La direction du théâtre s'est engagée à présenter des films du FFM dans sa vénérable enceinte jusqu'à dimanche en fin de soirée.

Raymond Cloutier, directeur général et artistique de l'Outremont, explique que cette entente a été conclue de façon très simple.

«Dimanche soir, quelqu'un m'a averti que M. Losique cherchait une salle. J'étais ouvert à l'idée, car le théâtre était libre cette semaine. Nous avions prévu en profiter pour faire du nettoyage et des petits travaux sur la scène. J'ai parlé à M. Losique et je l'ai gentiment invité à organiser des projections dès demain. Je me suis même demandé pourquoi il ne nous a pas appelés avant!»

Par affection pour le FFM

Bien au fait de la crise que traverse le festival, Raymond Cloutier estime que l'opération n'est pas très coûteuse à mettre en place.

«On ne le fait pas gracieusement, car il y a quand même les revenus de la vente des billets. Cela dit, cela n'a rien à voir avec les coûts qu'entraîne l'organisation d'une pièce ou d'un spectacle. Un projectionniste, peut-être un ou deux ouvreurs, et puis voilà!»

L'acteur, qui a commencé sa carrière cinématographique sous la direction de Gilles Carle (Red), ne cache pas son affection pour un festival qui, à une certaine époque, a beaucoup compté dans sa vie.

«Ça me fait plaisir d'aider. Plus jeune, j'ai beaucoup fréquenté le FFM, dès le début. Je dois une partie de ma formation en cinéma à ce festival. Et puis, je trouve aussi qu'on fait un peu la vie dure à Serge Losique. Il me semble que quand quelqu'un est accablé de la sorte, peu importe les raisons, on doit pouvoir lui venir en aide. Devant les faits, et vu que tout le monde l'abandonne, je trouve qu'il est normal de faire quelque chose, d'agir en bon samaritain.»

«Je ne fais que mettre au service des cinéphiles qui veulent voir ces films-là cette salle qui appartient à tous les Montréalais. Pour le reste, on s'arrangera plus tard!»
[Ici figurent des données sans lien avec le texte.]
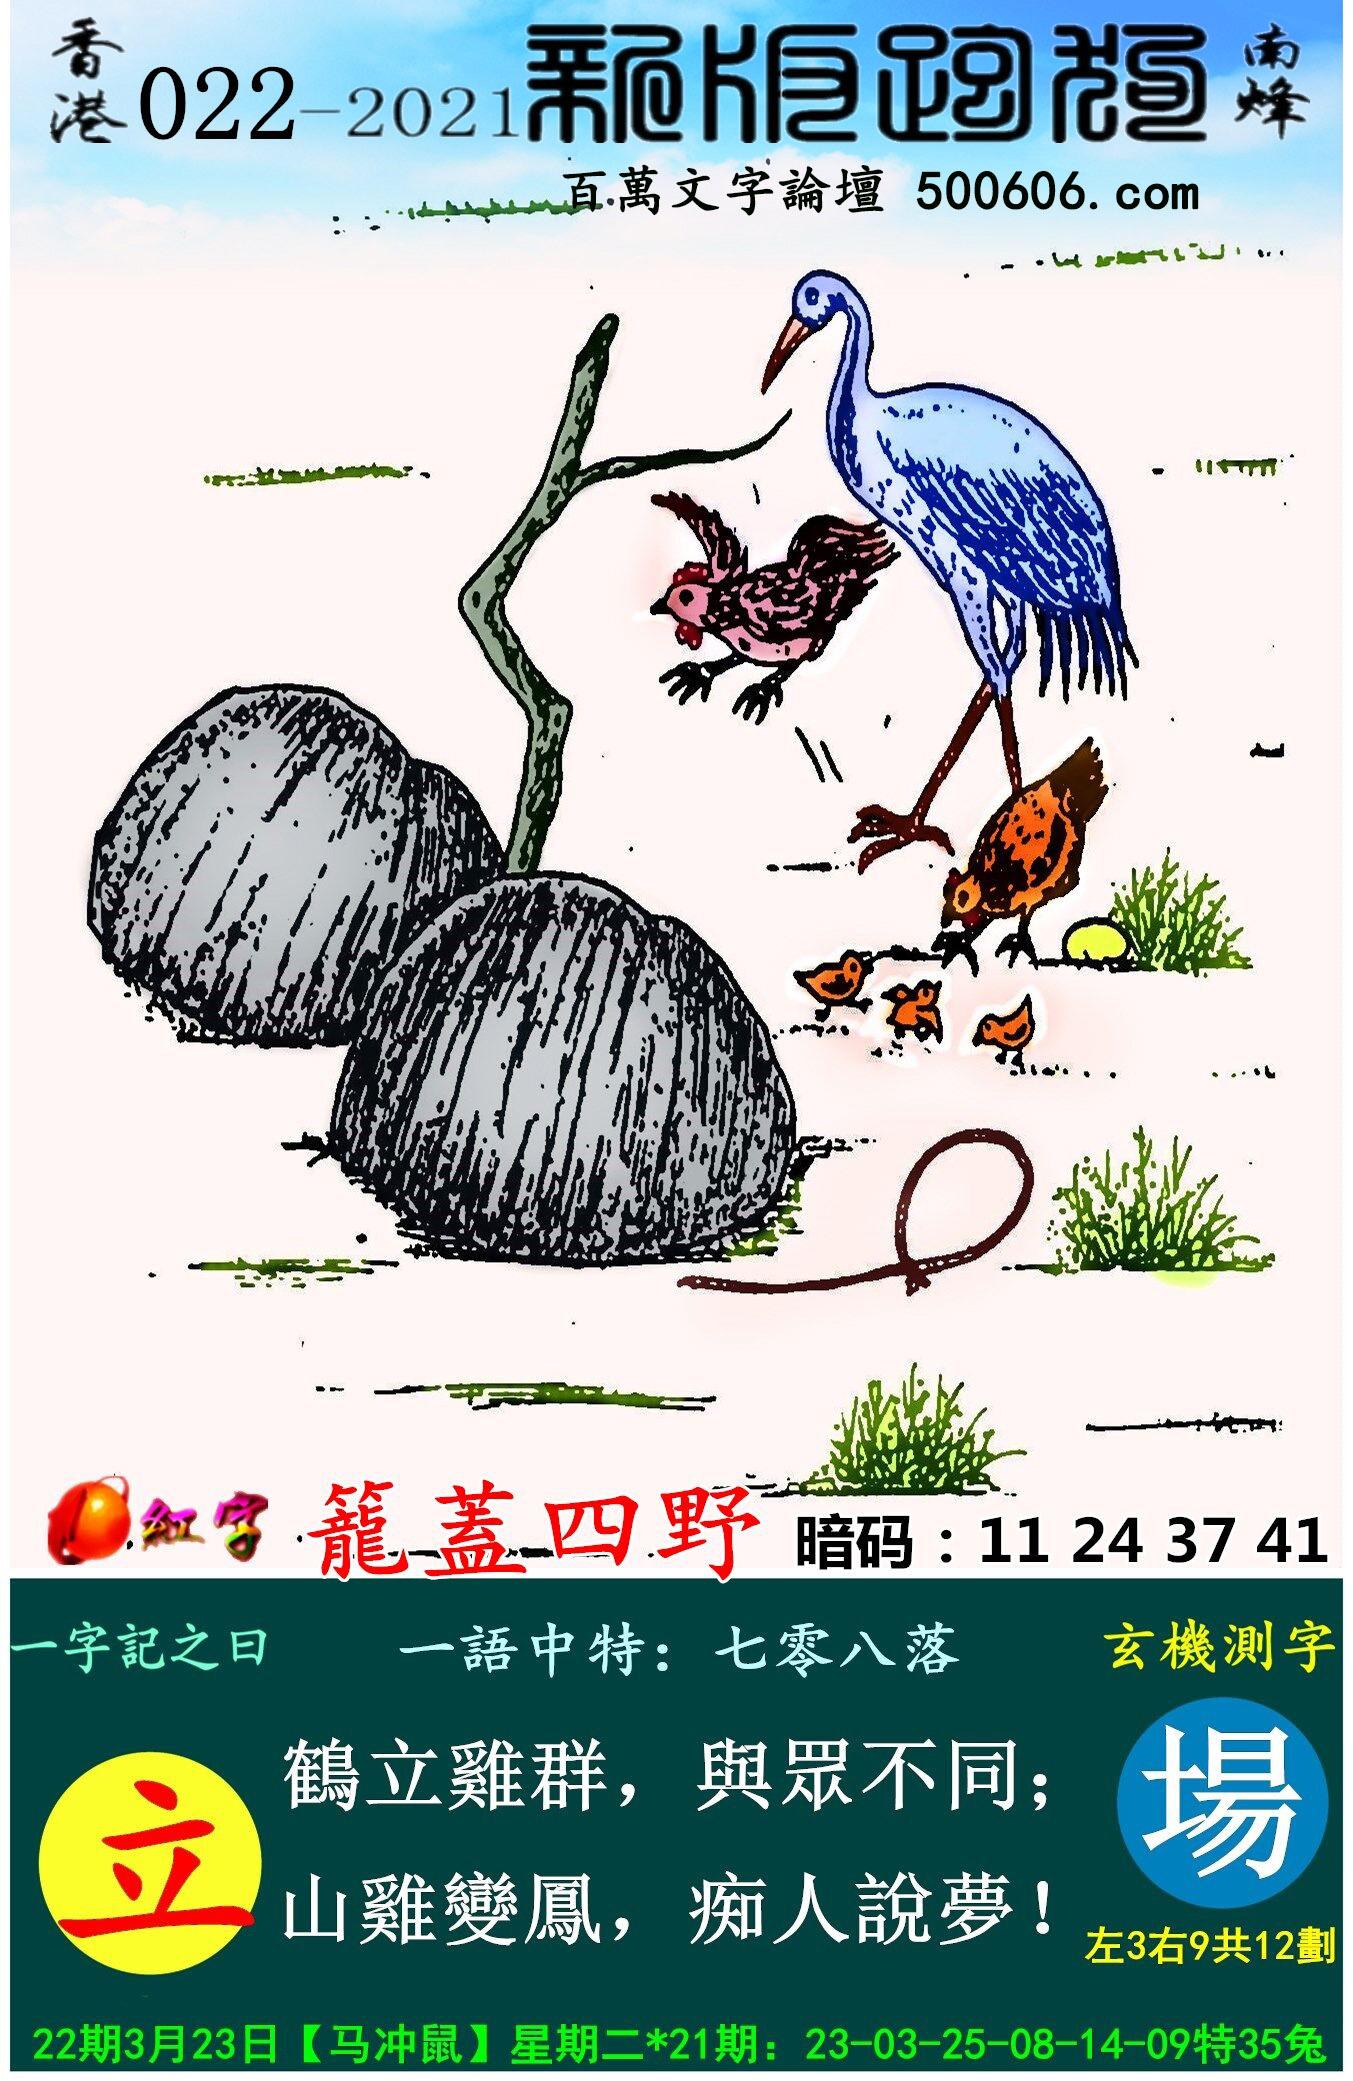 022期跑狗一字�之曰:【立】 �Q立�u群,�c�不同;山�u��P,痴人�f�簦�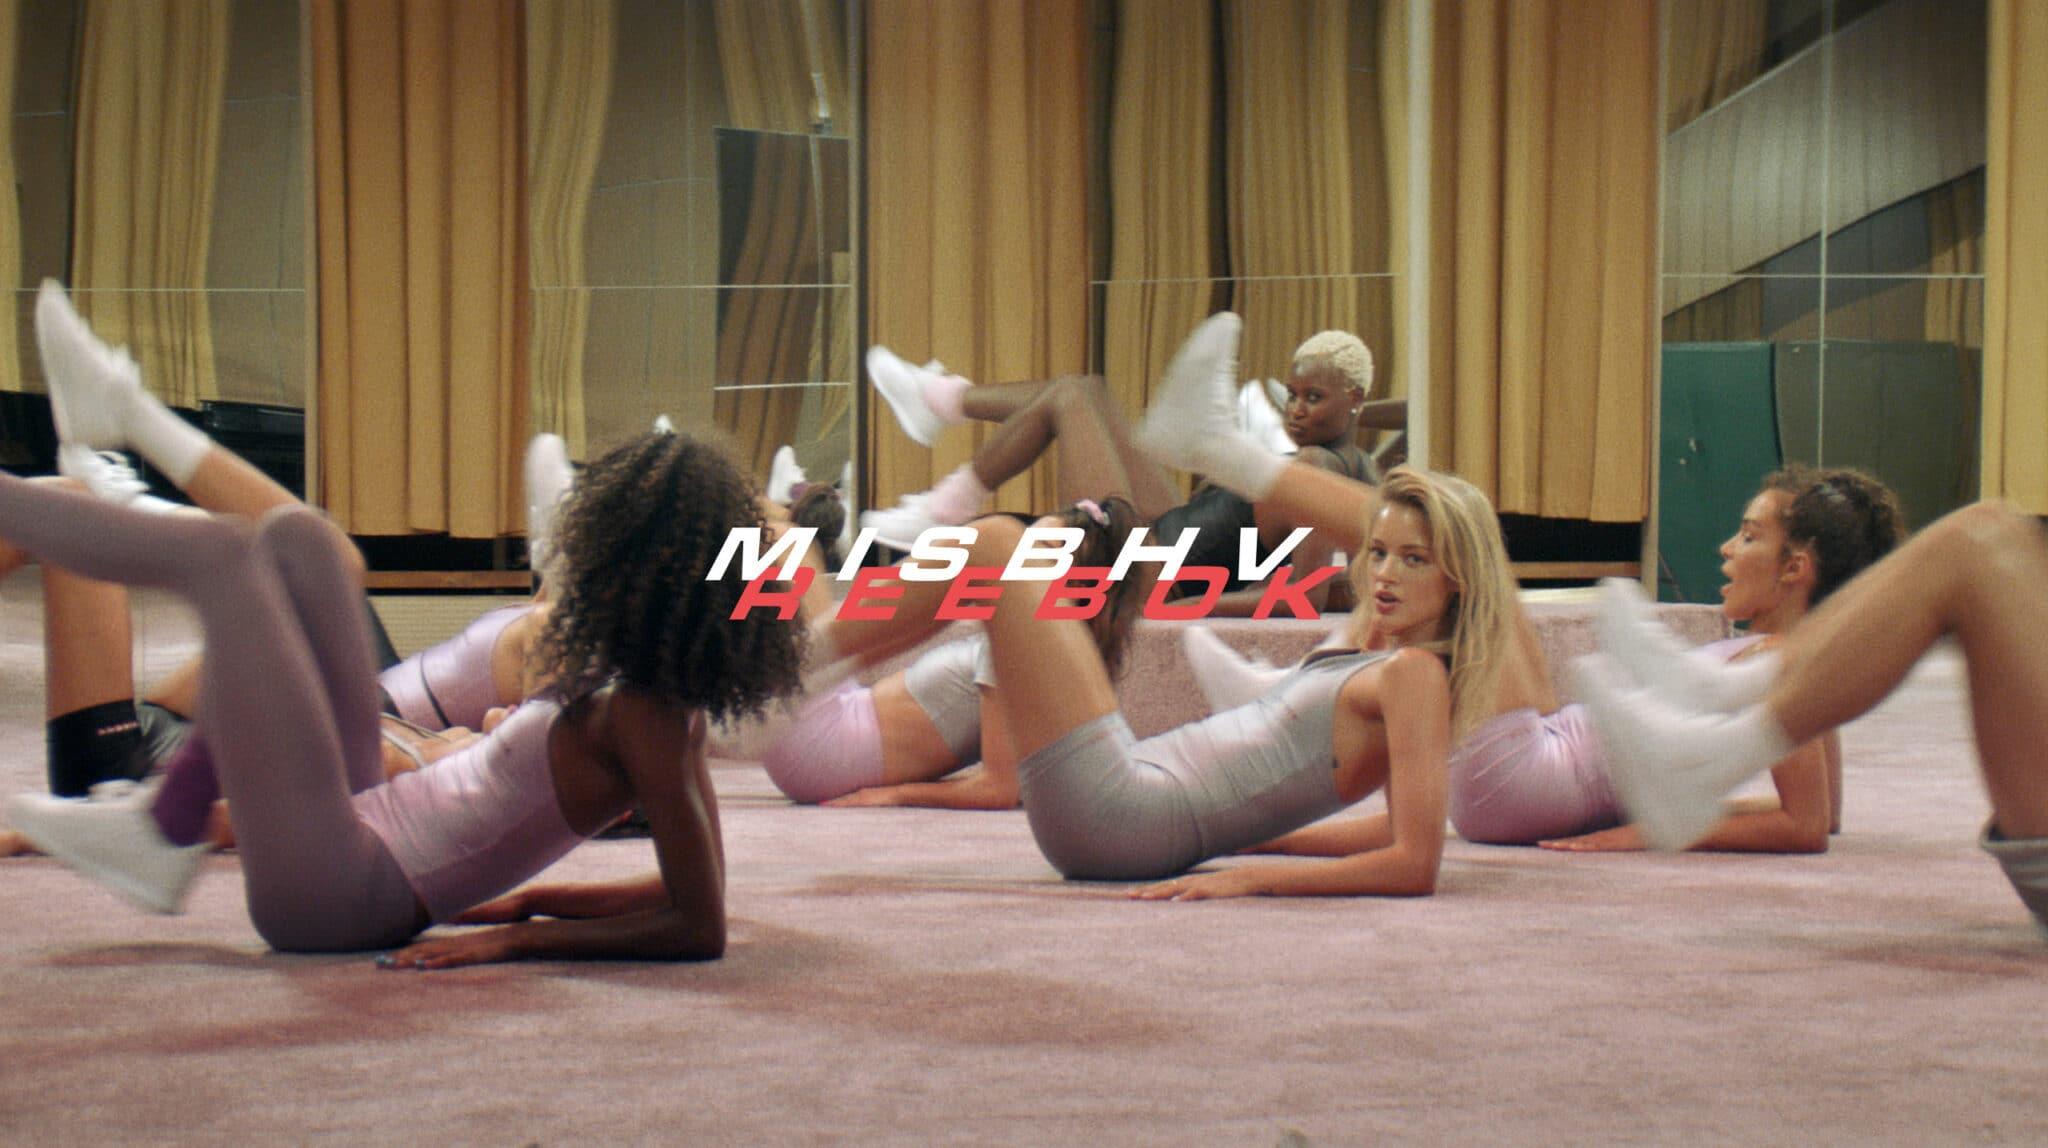 MISBHV 80s Fitness Sportswear

La nouvelle réjouira sans doute les équipes étrangères qui, n'ayant pas été prévenues à temps, se sont néanmoins déplacées à Montréal, la plupart (sinon toutes) à leurs frais. Les cinéphiles seront de leur côté heureux de retrouver la vocation cinématographique d'un endroit qui, à leurs yeux, revêt un caractère mythique, principalement ceux, plus mûrs, qui l'ont fréquenté dans sa plus glorieuse époque.

«On souhaite que l'Outremont redevienne un point de chute pour le milieu du cinéma, et c'est déjà très bien parti, indique Raymond Cloutier. De plus en plus de premières de films ont lieu chez nous.»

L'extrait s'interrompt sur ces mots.